"Siostra Słońca" została wydana w kwietniu 2020 roku przez Wydawnictwo Albatros.
Z okładki:
Mogłoby się wydawać, że Elektra D'Aplièse ma wszystko, o czym można zamarzyć. Jest olśniewająco piękną top modelką. Jest sławna na całym świecie. I bajecznie bogata…
Wszystko to jednak tylko pozory, w rzeczywistości Elektra stoi na skraju załamania. Niespodziewana śmierć adopcyjnego ojca, Pa Salta, jeszcze pogarsza jej stan. By poradzić sobie ze stratą, Elektra sięga po alkohol i narkotyki. I właśnie wtedy dostaje list od nieznajomej, która twierdzi, że jest jej… babką.
W 1939 roku Cecily Huntley-Washington przybyła z Nowego Jorku do Kenii, by leczyć złamane serce. Przebywając w towarzystwie swojej babci – członkini osławionej kompanii z Wesołej Doliny – nad brzegami jeziora Naivasha, Cecily poznała Billa Forsytha, zatwardziałego kawalera i hodowcę bydła, utrzymującego bliskie relacje z dumnym plemieniem Masajów. W obliczu nadchodzącej katastrofy, gdy wiadomo, że wojna jest już nieunikniona, Cecily decyduje się przyjąć oświadczyny Billa. Przenosi się do doliny Wanjohi, a gdy Bill wyjeżdża, zostaje całkiem sama. Do czasu, gdy w lesie nieopodal farmy znajduje… porzucone niemowlę.
Recenzja
"Siostra Słońca" Lucindy Riley to poruszająca powieść. Pokazuje jak bardzo nieszczęśliwi i zagubieni są ludzie sławni. Jak latwo wpadają w uzależnienia, nie mają na kim się oprzeć.
W tej książce poznajemy historię jednej z siedmiu adoptownych sióstr - Elektry D'Aplièse. Każda z sióstr pochodzi z innej części świata, ma inny kolor skóry, rasę.
Elektra - sławna modelka, to tak naprawdę zagubiona, mała dziewczynka, która wpada w nałóg i sama nie potrafi się z niego wyzwolić.
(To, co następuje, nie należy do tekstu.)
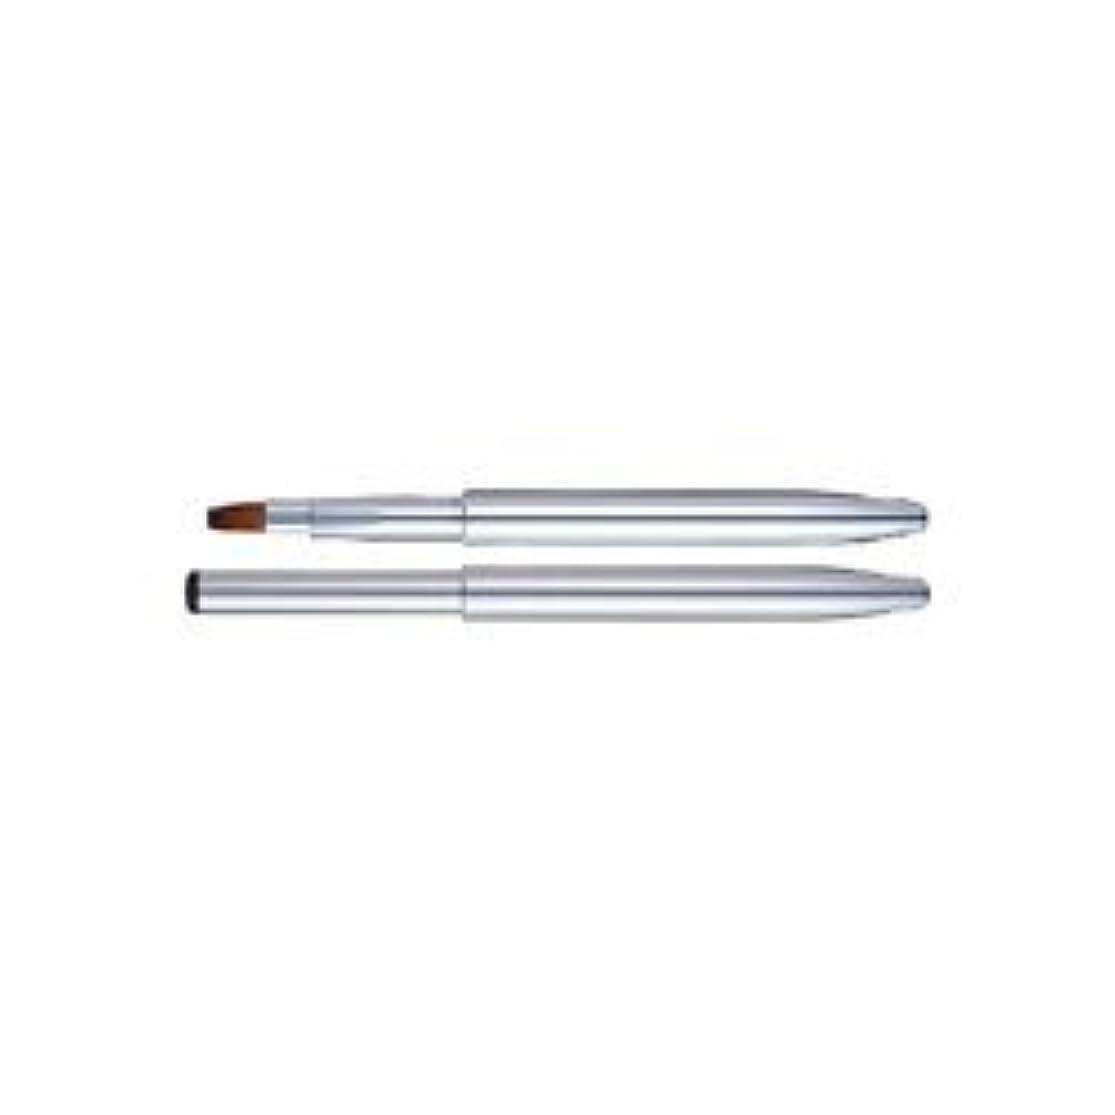 カテゴリー甲虫西化粧筆 スライド式リップブラシ (シルバー) L-02
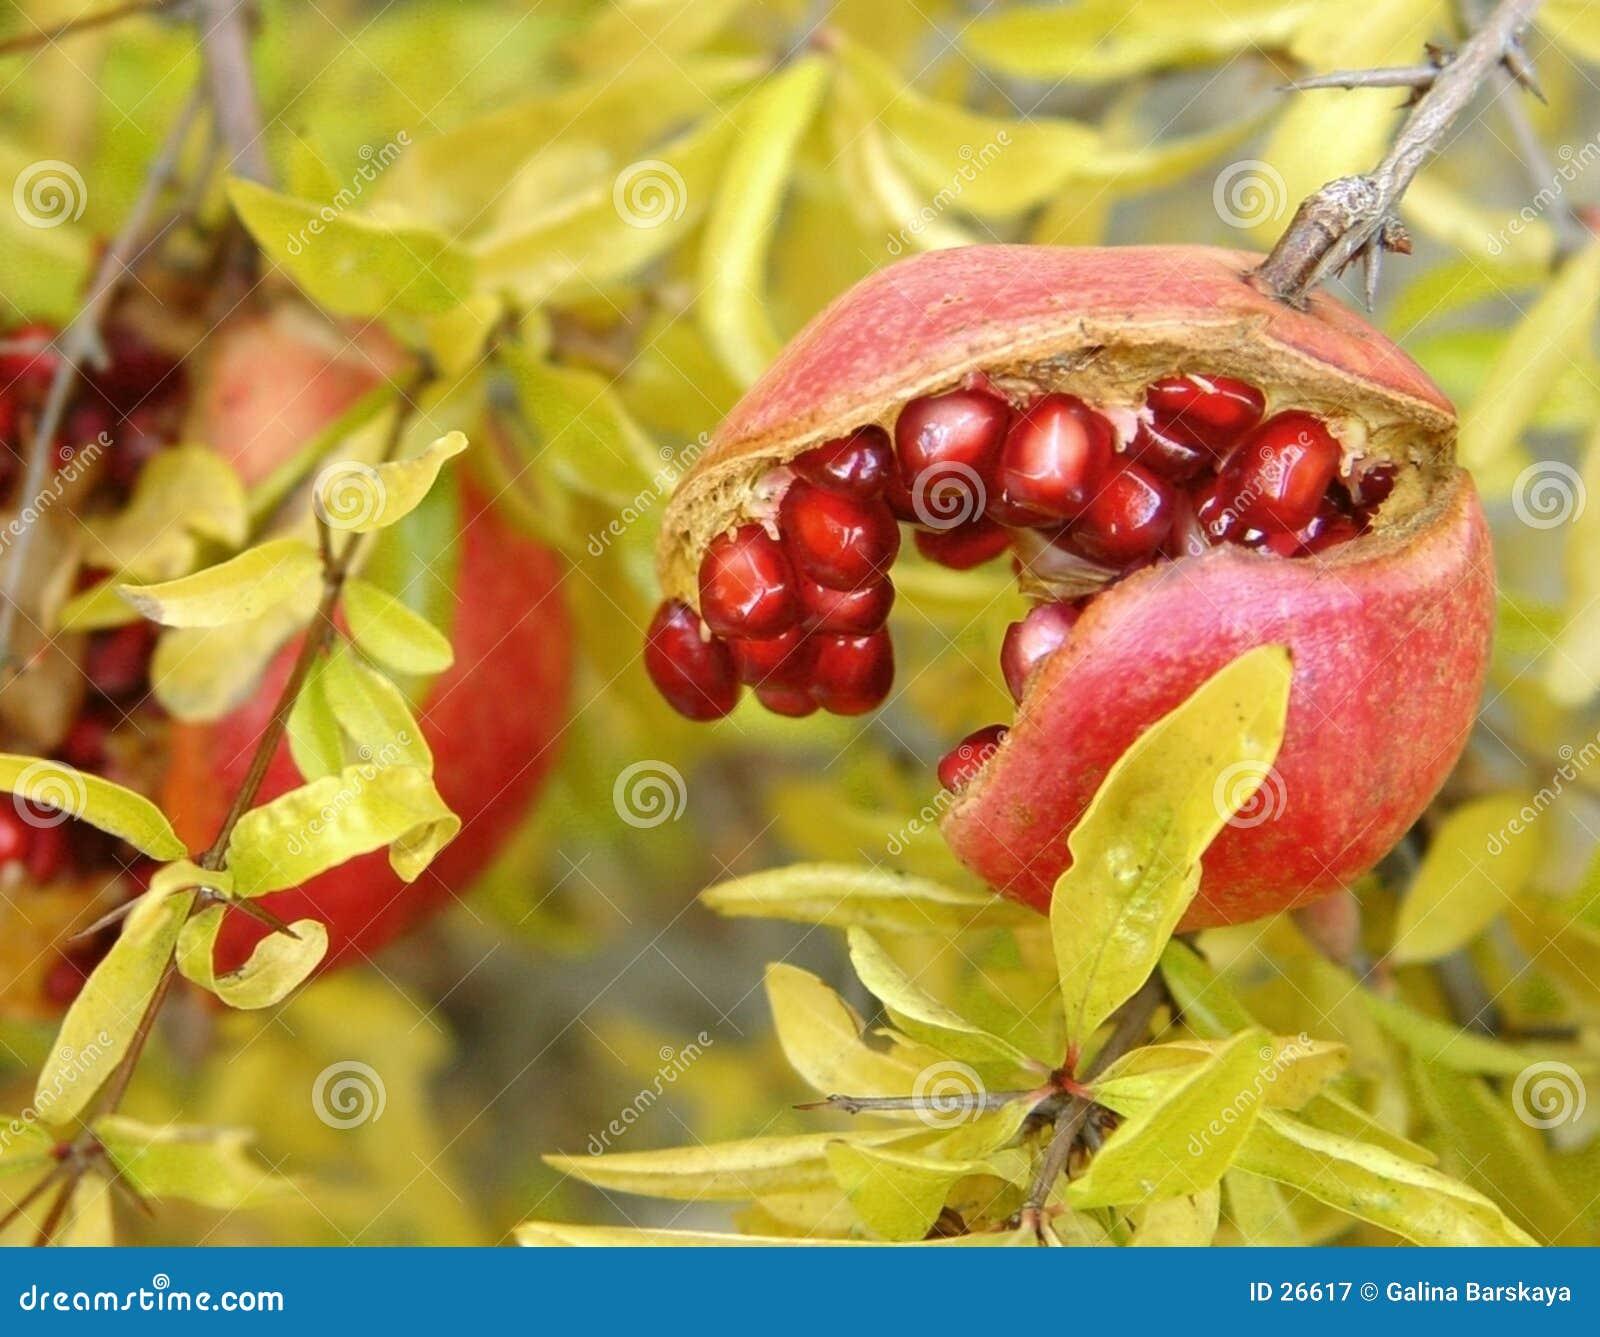 Download Granada imagen de archivo. Imagen de fruta, exótico, alimento - 26617

Gdy sięga dna, w końcu prosi o pomoc i otrzymuje ją. Powoli wraca do równowagi. Poznaje też swoją biologiczną babkę, swoją przeszłość, historię rodziny. To pozwala uporządkować bałagan w jej głowie.
Elektra postanawia też walczyć o lepsze jutro młodych narkomanów. To przez Vanessę, jej współlokatorkę w ośrodku odwykowym.
Oprócz historii Elektry poznajemy też historię Cecily Huntley-Washington, która przyjeżdża do Kenii, po zerwanych zaręczynach z narzeczonym. Tu przenosimy się w czasie w lata 1938-1969. Autorka bardzo realnie oddała klimat egzotycznej Afryki, w której zaczęła się historia babki Elektry.
Lucinda Riley świetnie opisała kolorowe krajobrazy Czarnego Lądu, niezwykłe kolory nieba i odgłosy różnorodnych zwierząt zamieszkujących ten rejon świata.
Świetnie połączyła wątki historyczne i kulturowe z odrobiną romansu. Ta powieść to ciekawa, wciągająca podróż kulturowa, historyczna i geograficzna.
"Siostra Słońca" ma 665 stron i czyta się ją jednym tchem. Choć przyznam, że pierwsze 100 stron można by skrócić, bo jest tam dużo narkotyków, alkoholu i seksu.
Polecam Wam przeczytać tę powieść. Dzięki niej przeniesiecie się do nieco innego świata.
To pierwsza powieść tej autorki, którą przeczytałam i już wiem, że z chęcią sięgnę po inne jej książki. Zwłaszcza za poprzednie 5 tomów serii "Siedem Sióstr".
Dziękuję Wydawnictwu Albatros za egzemplarz recenzencki.
Kolejna ciekawa recenzja. Z chęcią zapoznam się z historią Siostry Słońca i historiami jej sióstr.